PMF of sum of independent RVs

Question

Let $X$ and $Y$ be independent random variables, having the same probability mass function

$$p_{X}(k) = p_{Y}(k) = p(1-p)^{k-1}, k = 1,2,...$$

1. Find the probability mass function of $X + Y$.
2. Compute $E[X + Y]$

My approach to 1:

$p_{X+Y}(k) = P(X + Y = k) = P(X = 0, Y = k) + P(X = 1, Y = k-1) + ... + P(X = k, Y = 0) = \sum_{i=0}^k p_{X}(i)p_{Y}(k-i) = \sum_{i=0}^k p(1-p)^{i-1}p(1-p)^{k-i-1} = \sum_{i=0}^k p^{2}(1-p)^{k-2} = kp^{2}(1-p)^{k-2}$.

Does this look correct? This is from an old exam and there is no answer key.

2:

$E[X+Y] = \displaystyle \sum_{k \in \mathbb{N}} kP(X+Y = k) = \sum_{k \in \mathbb{N}} k^{2}p^{2}(1-p)^{k-2}$ is as far as I got. Don't know if this is right and where to go from here.

Answer 1

1. Your approach is correct, but note that the support for $X,Y$'s distributions are non-zero natural numbers, and so the support for their sum's distribution shall be natural numbers of at least 2. Adjustments must be made to the bounds for your series. $$\begin{align}\mathsf P(X+Y=k) ~&=~ \mathbf 1_{k\in[[2;\infty)]}\sum_{j=1}^{k-1} \mathsf P(X=j)\,\mathsf P(Y=k-j)\\[1ex]&=~ \mathbf 1_{k\in[[2;\infty)]}\sum_{j=1}^{k-1}p^2(1-p)^{j-1+k-j-1}\\[1ex]&=~ p^2\mathbf 1_{k\in[[2;\infty)]}\sum_{j=1}^{k-1}(1-p)^{k-2}\\[1ex]&=~ (k-1)p^2(1-p)^{k-2}\mathbf 1_{k\in[[2;\infty)]}\end{align}$$

Alternatively: $X,Y$ are each the count for trials until the first success in independent sequences of Bernoulli trials with identical success rate $p$. Their sum is thus the count for trials until the second success in such a sequence of trials.

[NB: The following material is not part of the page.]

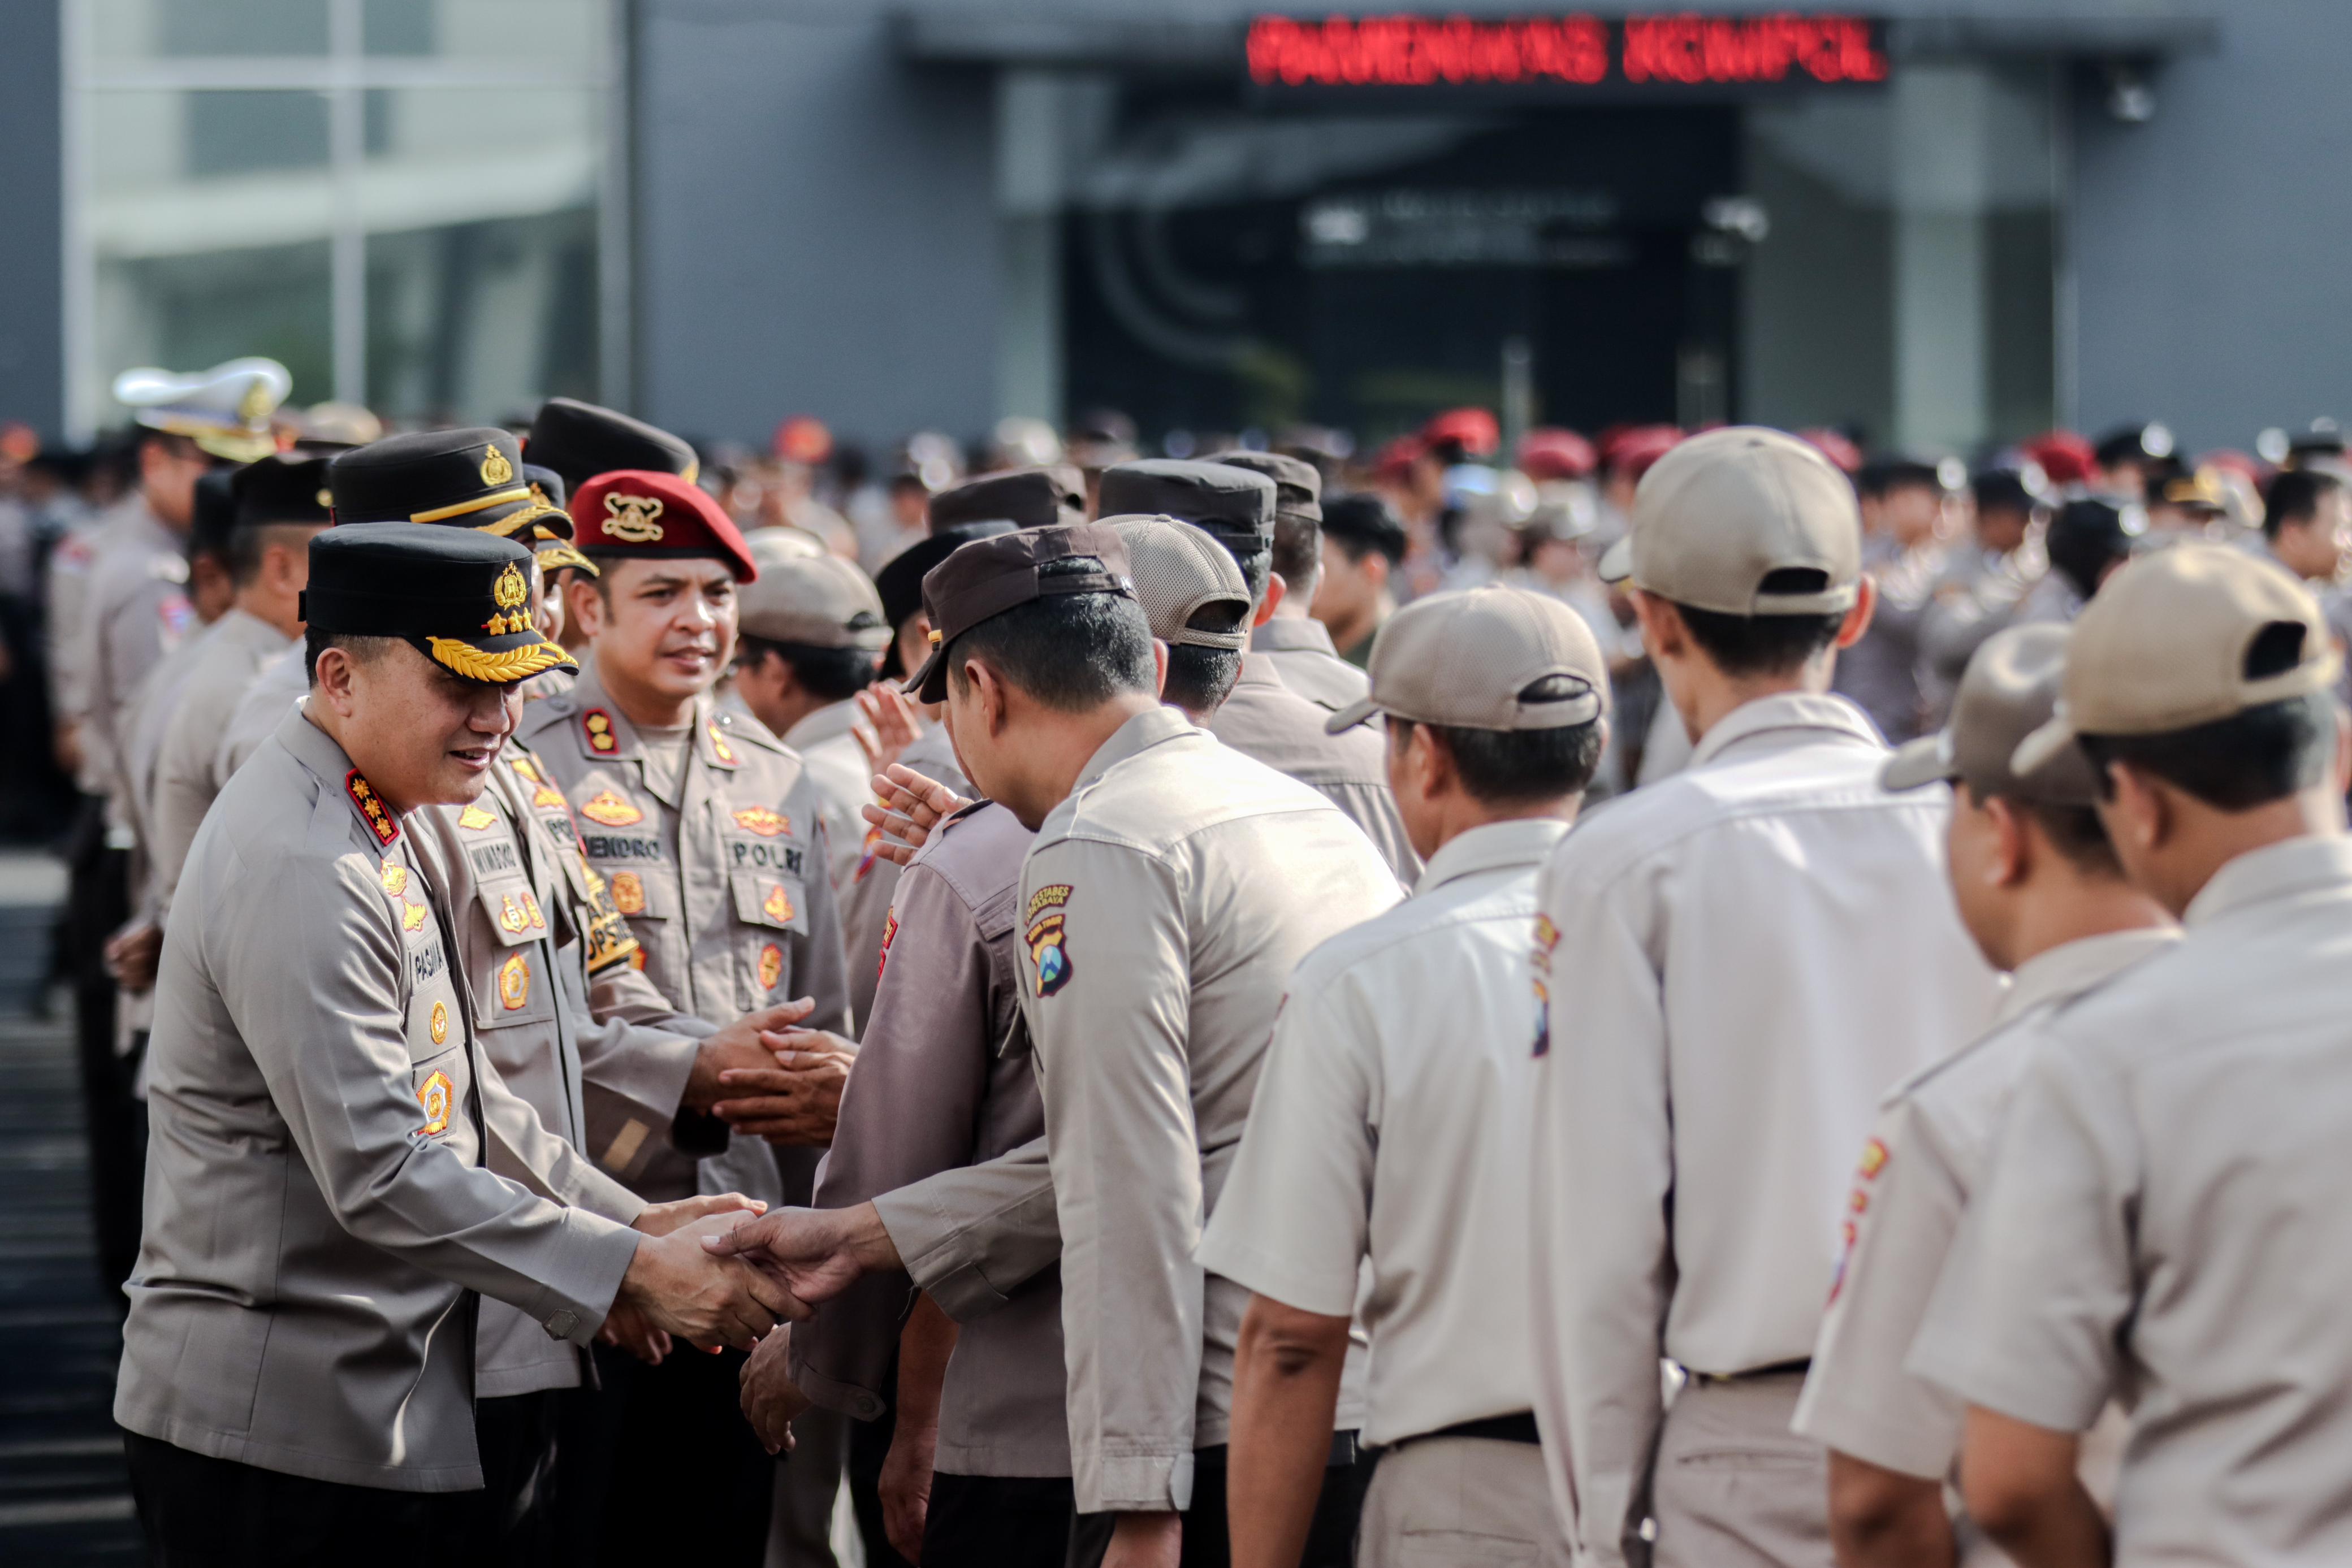 Kapolrestabes Surabaya Gelar Halalbihalal Bersama Anggota di Mapolrestabes

We thus may evaluate the probability for a sequence of exactly $1$ successes among $k-1$ trials and then a subsequent success, to obtain the above probability mass function.

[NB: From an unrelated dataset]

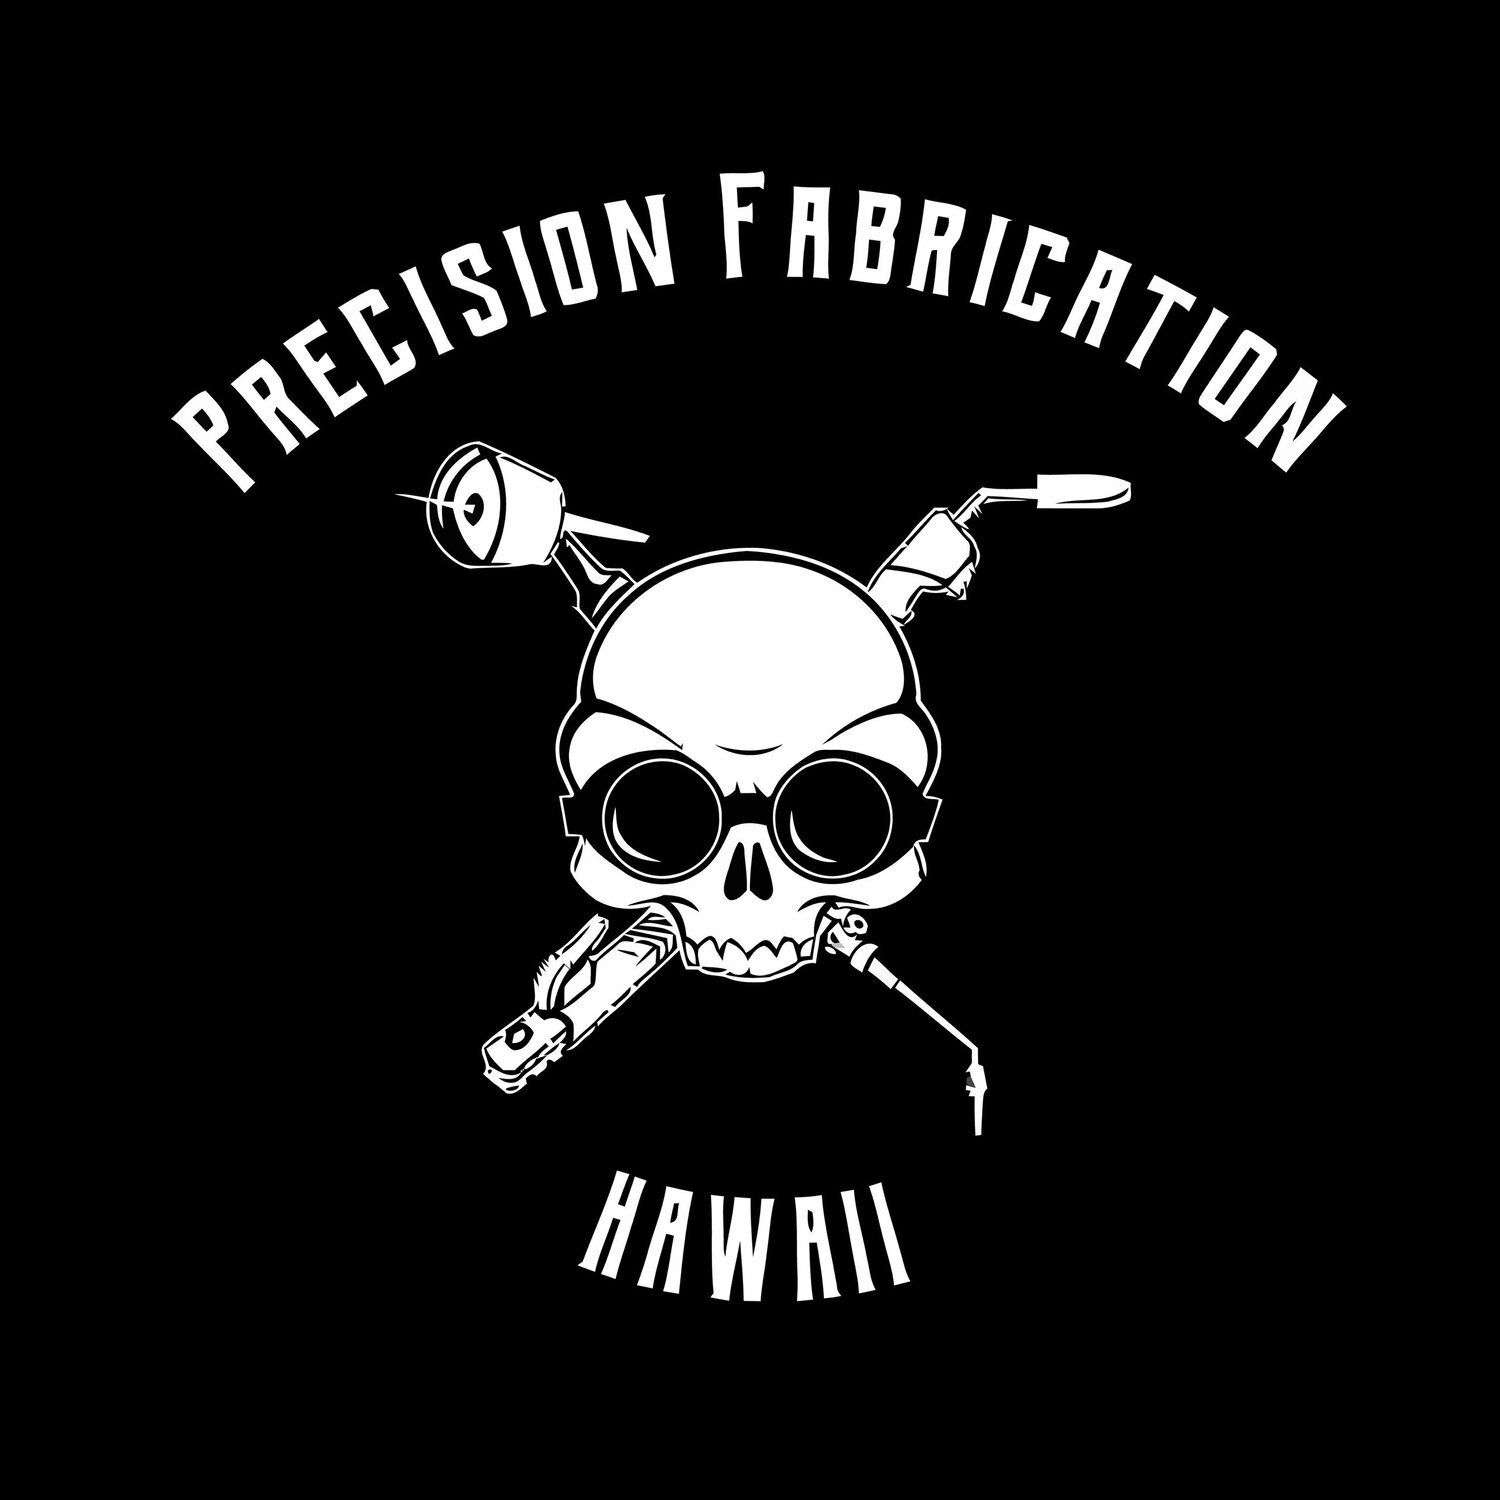 Precision Fabrication Hawaii

2. Well you could try to find a closed form for the expectation using that pmf, but the Linearity of Expectation would be more helpful ... if you know the expectation for a 1-Shifted Geometric Distributed Random Variable. $$\mathsf E(X)=1/p$$

Answer 2

Answer to Question 1 - have a look at the answers to this question: How to compute the sum of random variables of geometric distribution

Answer to Question 2 - For $X$ and $Y$ being random variables, $E(X+Y) = E(X)+E(Y)$. This is always true, even when $X$ and $Y$ are not independent, given the expected values exist. And they do exist in the case of $X$ and $Y$ having a geometric probability mass function (PMF).